Yes. The writer-automation skill is specifically for Writer operations through Composio’s Writer toolkit. If you do not have a Writer account or do not plan to connect the Writer toolkit through Rube MCP, a normal writing or editing prompt will be simpler.
How is this better than an ordinary prompt?
An ordinary prompt can suggest what to do in Writer, but it cannot safely infer current tool names, schemas, or connection status. writer-automation adds a tool-first operating pattern: discover available Writer tools, confirm authentication, then execute with the current schema. That matters for Workflow Automation where reliability is more important than prose quality alone.
Can beginners use writer-automation?
Beginners can use it if their AI client supports MCP and they can add the Rube MCP endpoint. The main learning curve is not the skill text; it is understanding that the agent must have tool access and an active Writer connection. If you cannot see RUBE_SEARCH_TOOLS, fix MCP setup before troubleshooting the skill.
When should I not use this skill?
Do not use writer-automation for generic article writing, offline editing, or tasks where you only need content suggestions. Also avoid it for high-risk production changes unless your prompt requires confirmation before modifying or publishing Writer assets. The skill gives the agent a workflow pattern, not a replacement for permission design.
How to Improve writer-automation skill
Improve writer-automation prompts with task-specific context
The fastest way to get better results is to replace broad goals with operational detail. Include the Writer object, desired action, allowed changes, prohibited changes, approval requirements, and output format.
For example:
“Discover the current Writer tools for retrieving a document, fetch the item named [title], compare it against this brief, propose edits only, and wait for approval before any update.”
This gives the agent enough structure to use tool discovery without overreaching.
Common failure modes to prevent
The most common failure is skipping RUBE_SEARCH_TOOLS and assuming a tool schema. Explicitly tell the agent: “Search tools first and use only the returned schema.” Another common issue is inactive authentication; require a connection check before execution.
For sensitive workflows, add guardrails such as “do not publish,” “do not delete,” “ask before writing changes,” or “summarize the exact API/tool action before running it.”

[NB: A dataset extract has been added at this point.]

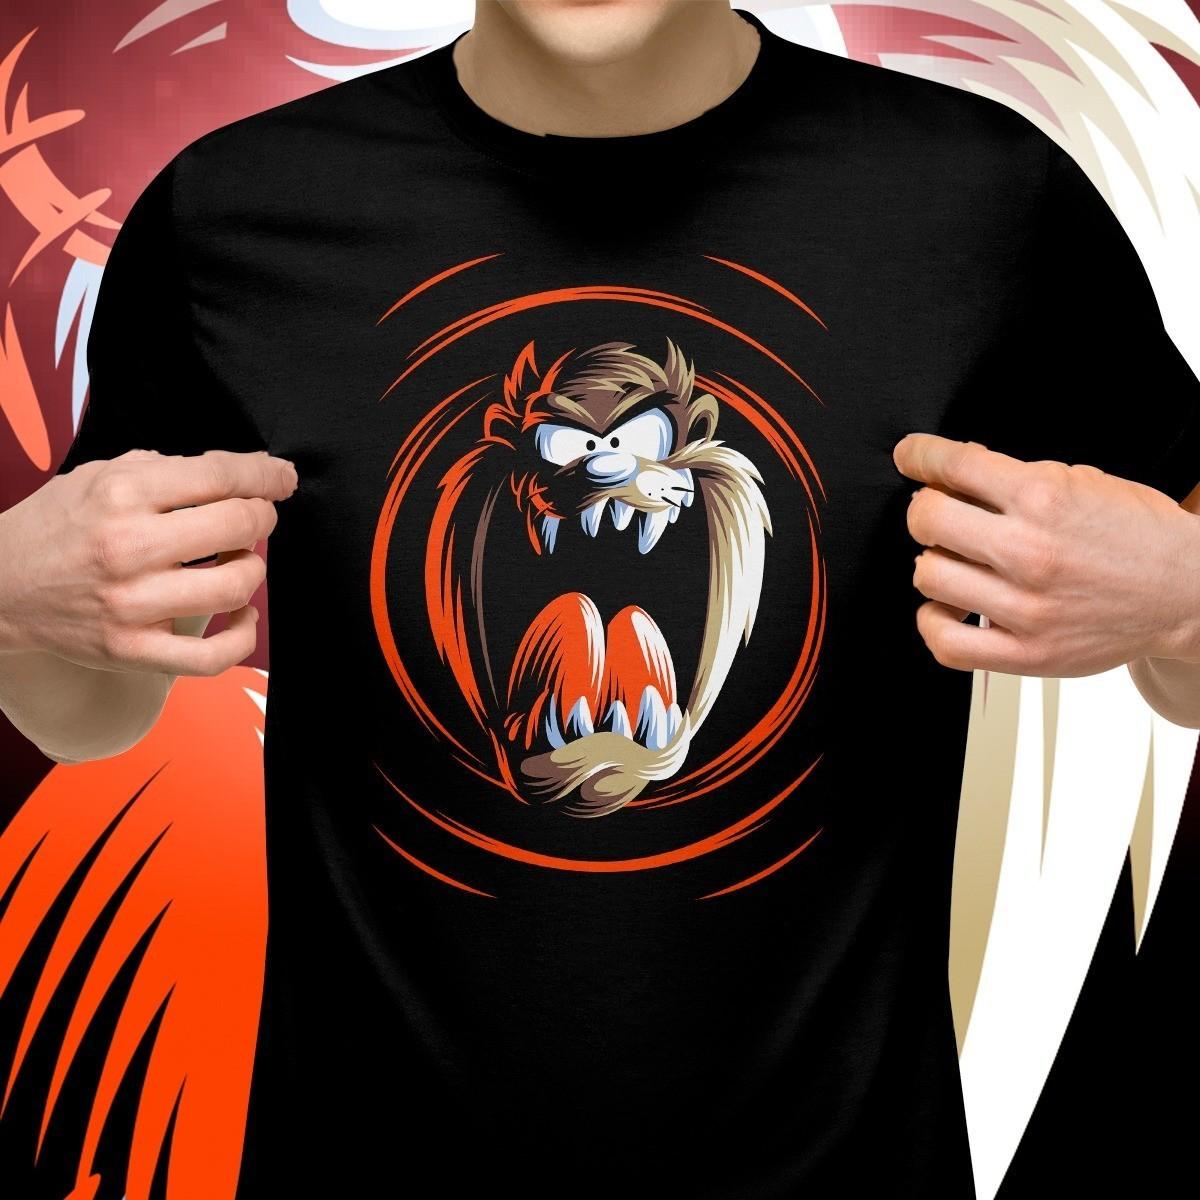 Camiseta Preta Unissex Taz-Mania: Taz o demónio da Tazmania
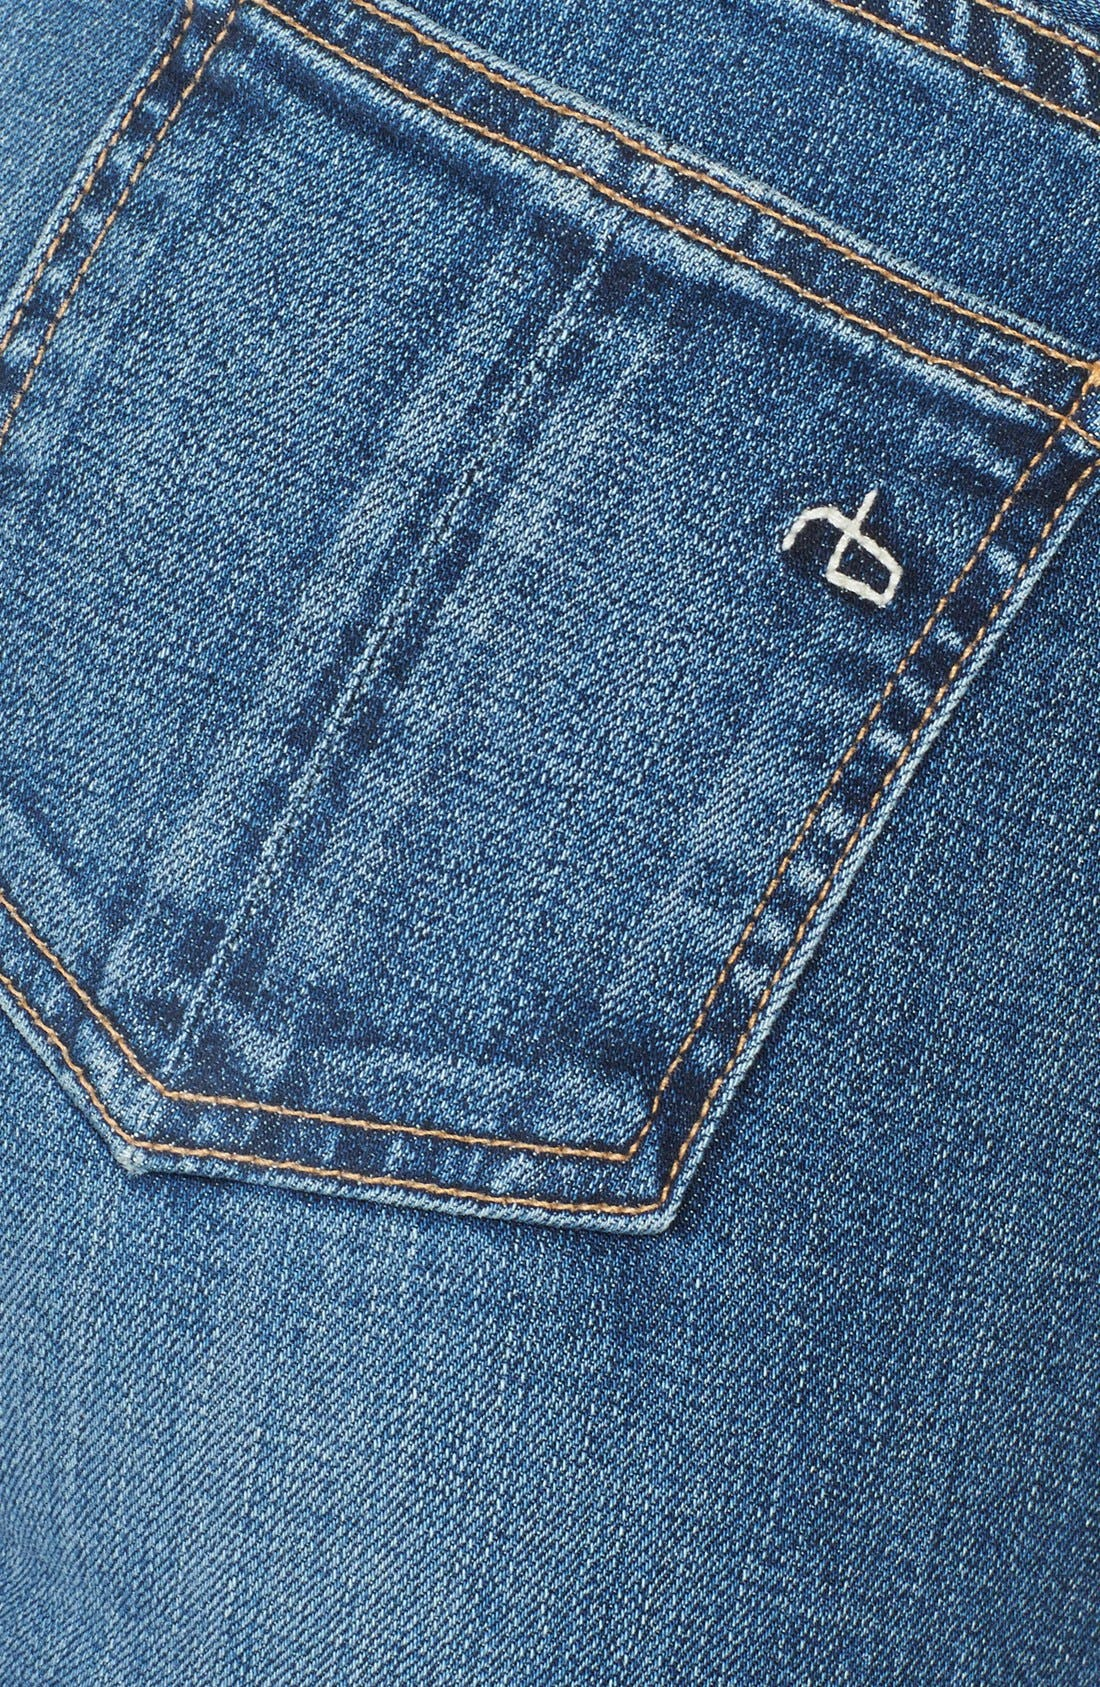 Skinny Stretch Jeans,                             Alternate thumbnail 3, color,                             Sloan Plaid Repair

Iterate after the first output
After the first run, inspect the discovered tool options and the agent’s plan. If the selected action is too broad, narrow the use case and rerun discovery with a more specific query. If the output is correct but incomplete, provide the missing target IDs, naming conventions, style requirements, or workflow state.
Good iteration focuses on tool selection and execution boundaries, not just rewriting the final text.
Extend the skill for team workflows
Teams can improve writer-automation by adding local guidance around approval rules, naming conventions, content lifecycle stages, and publish permissions. Because the current repository only ships SKILL.md, team-specific rules are best added in your own surrounding prompt, project instructions, or internal skill fork.
For reliable writer-automation for Workflow Automation, document which Writer actions are allowed automatically and which require human confirmation.